My goal in my classes are to encourage students to learn the material. I think this helps get there.

8 thoughts on “Syllabi and the “Inevitable”

  • First of all, if a student is allowed to throw some words into an IPod why not let them bring in a cheat sheet. It is repetition. Ipod, MP3 Player, what have you, it is cheating with any medium a student uses when the effect is to answer questions on a test.

  • as a student, if a student wants to cheat, they do. it is doable if the student is clever enough and some are. now, i have not but have seen alot and know how ‘good’ students are at getting away with it.

    so allowing a musical distraction is no more permission to cheat than bring a 20oz bottle (where answers can be written on the inside label.) The music is a great distraction and keeps me from stressing even more. 🙂

  • I agree with what everyone has been saying, in that if someone is going to cheat, they will find a way to do it — whether on ipods or the good ol’ write things on the hands method.

    However, there is a difference, at least that I have seen, from open book exams to closed book exams. First, open books tend to be harder (IMHO).

    More over though, for open books, everyone knows they are open and hence everyone has the opportuntiy to bring their cheat sheets. By rationalizing that someone who cheats is merely taking an ‘open book exam’ is doing a disservice to those who DID study but did not ‘prepare’ for an ‘open book’ exam.

    As opinion loafer said, why not just allow everyone to bring in a cheat sheet in the first place?

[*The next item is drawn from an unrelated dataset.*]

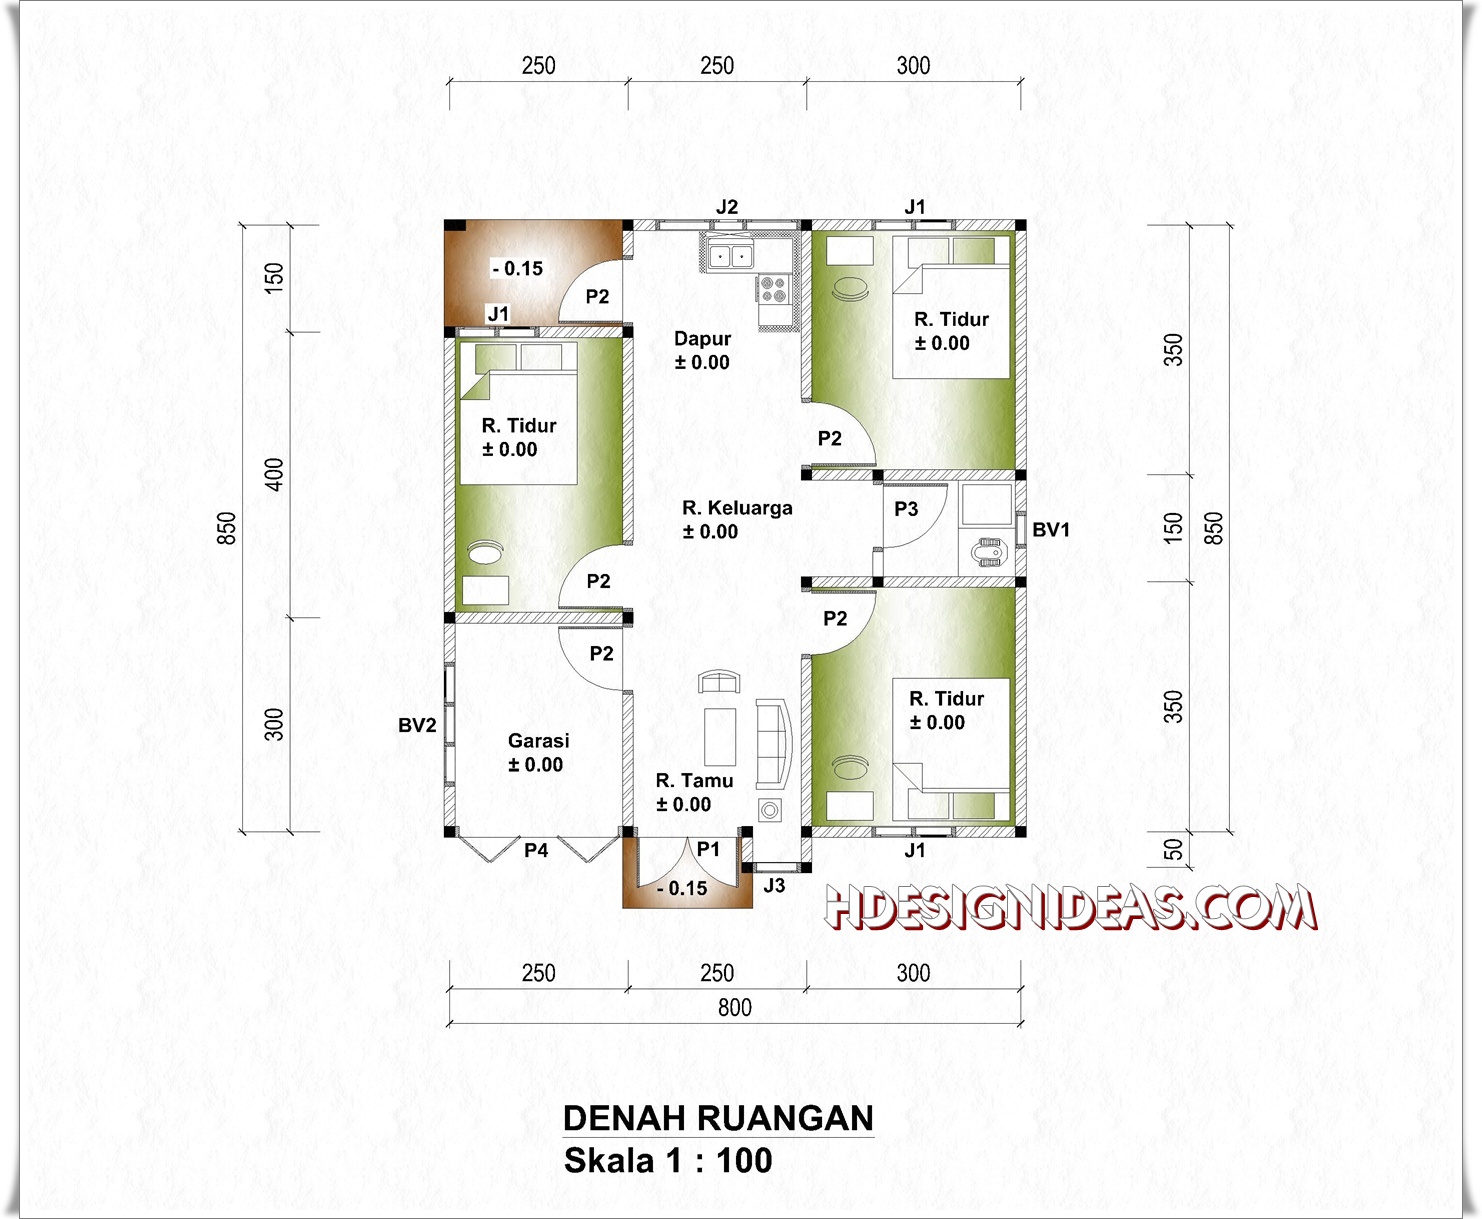 Denah Rumah Tinggal Ukuran 8 m x 8,5 m  Home Design and Ideas

I would assume the reason not to is that 1.) it does take a different type of test for open book and 2.) you hope that folks aren’t using the ipods to cheat.

    Another option would be to allow them, but state you will randomly look at the ipods/mps player after. Or perhaps state they can set/turn on the ipod/mp3 player only at the beginning of the exam, but then they must set it on their desk. (I highly doubt anyone would be able to listen through an entire ‘cheat sheet’ effectively without jumping around.) Or you could even walk about the room and listen randomly. But, that would show you do not have faith in the students.

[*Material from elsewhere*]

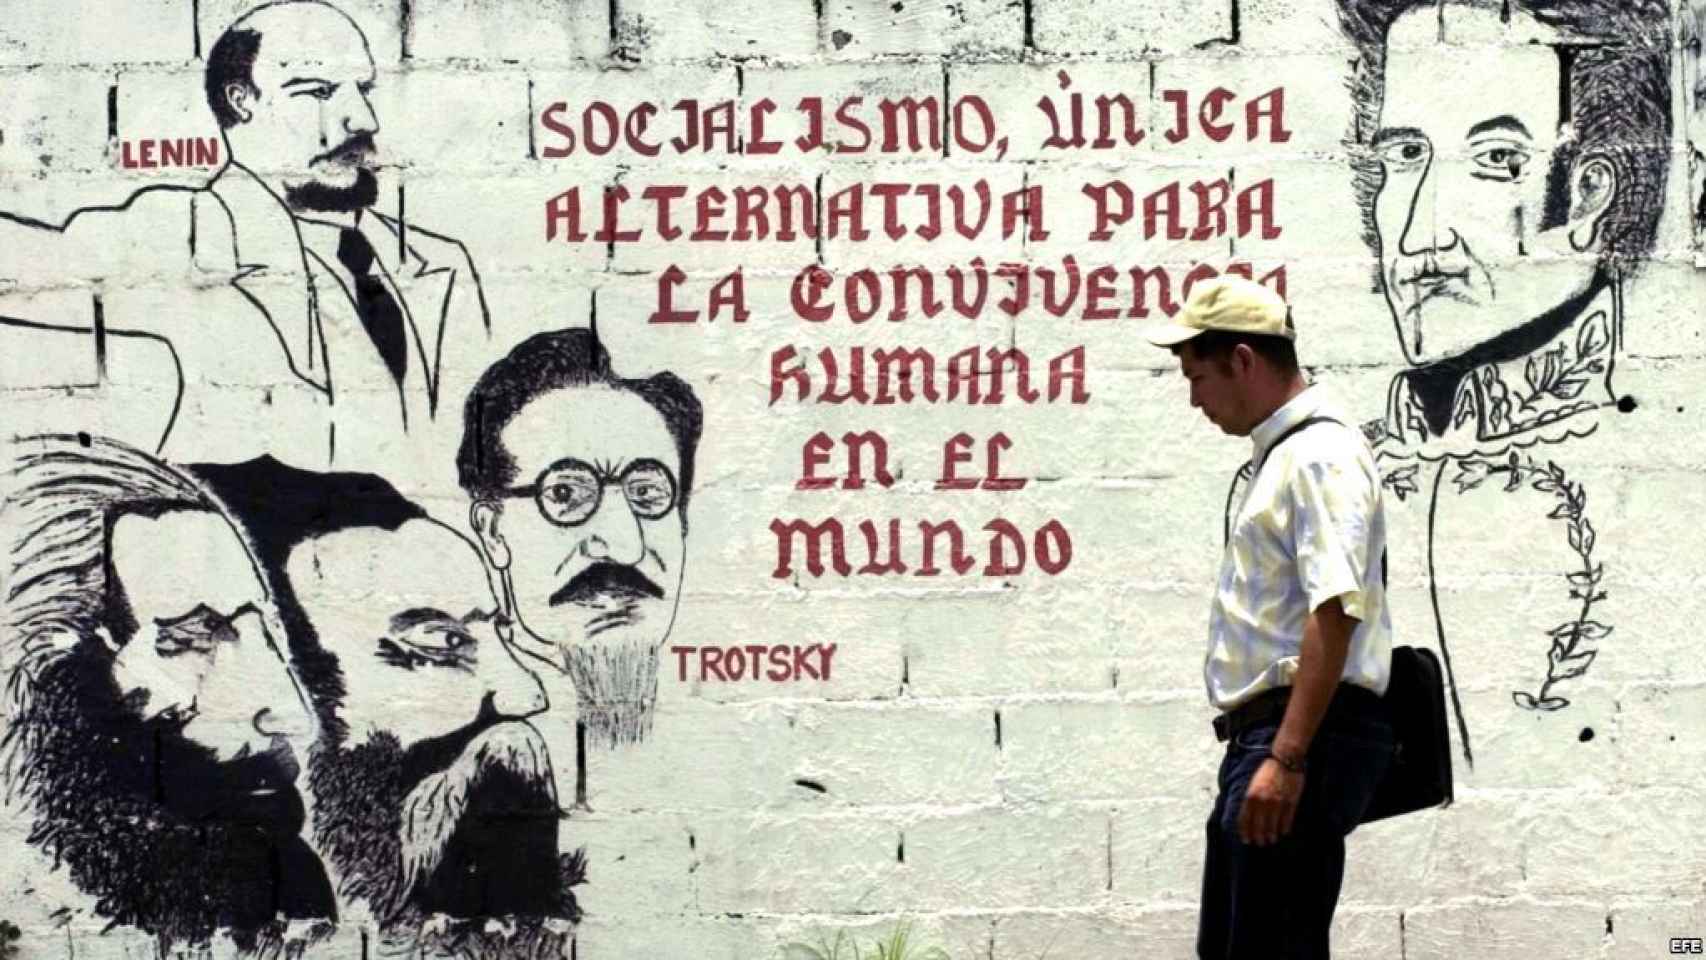 Un cartel en Cuba apelando al socialismo.

    Ah, but what is a simple thing like faith anyway?

  • Thanks for all the comments.

    Honestly, I don’t think that a student that is predisposed to cheating (usually, but not always, a sign of laziness) would be all that interested in doing the work required to put all that information into an iPod.

    What a fine line this is. Perhaps the one thing I can say in all this is that I haven’t seen any grades change in a significant way with this policy, at least not in a way that would indicate cheating. Of course, I would hope to see an improvement–that’s one of the reason I want to allow students to do this. I want them to be relaxed, and if music helps, then I want them to be able to listen.

  • Oh, and about the “cheat sheet.”

    As Mike writes, I do hope that people using the iPod aren’t cheating. But the significant difference between the cheat sheet, and using some sort of ipod, is that one must be fairly well versed in the material in the first place to be able to quickly move through the material in something like an iPod. On a “single sheet cheat sheet” it’s all right there, and they can quickly scan what’s available–and one person can do the sheet for many to use. A “distributed” cheat sheet doesn’t (in my opinion) lead to significantly greater learning for those who receive copies.

    I suppose my goal is to provide (as I said) a means for relaxation for those students that stress, while at the same time hoping that the work load required to cheat would far outweigh the work required to simply study.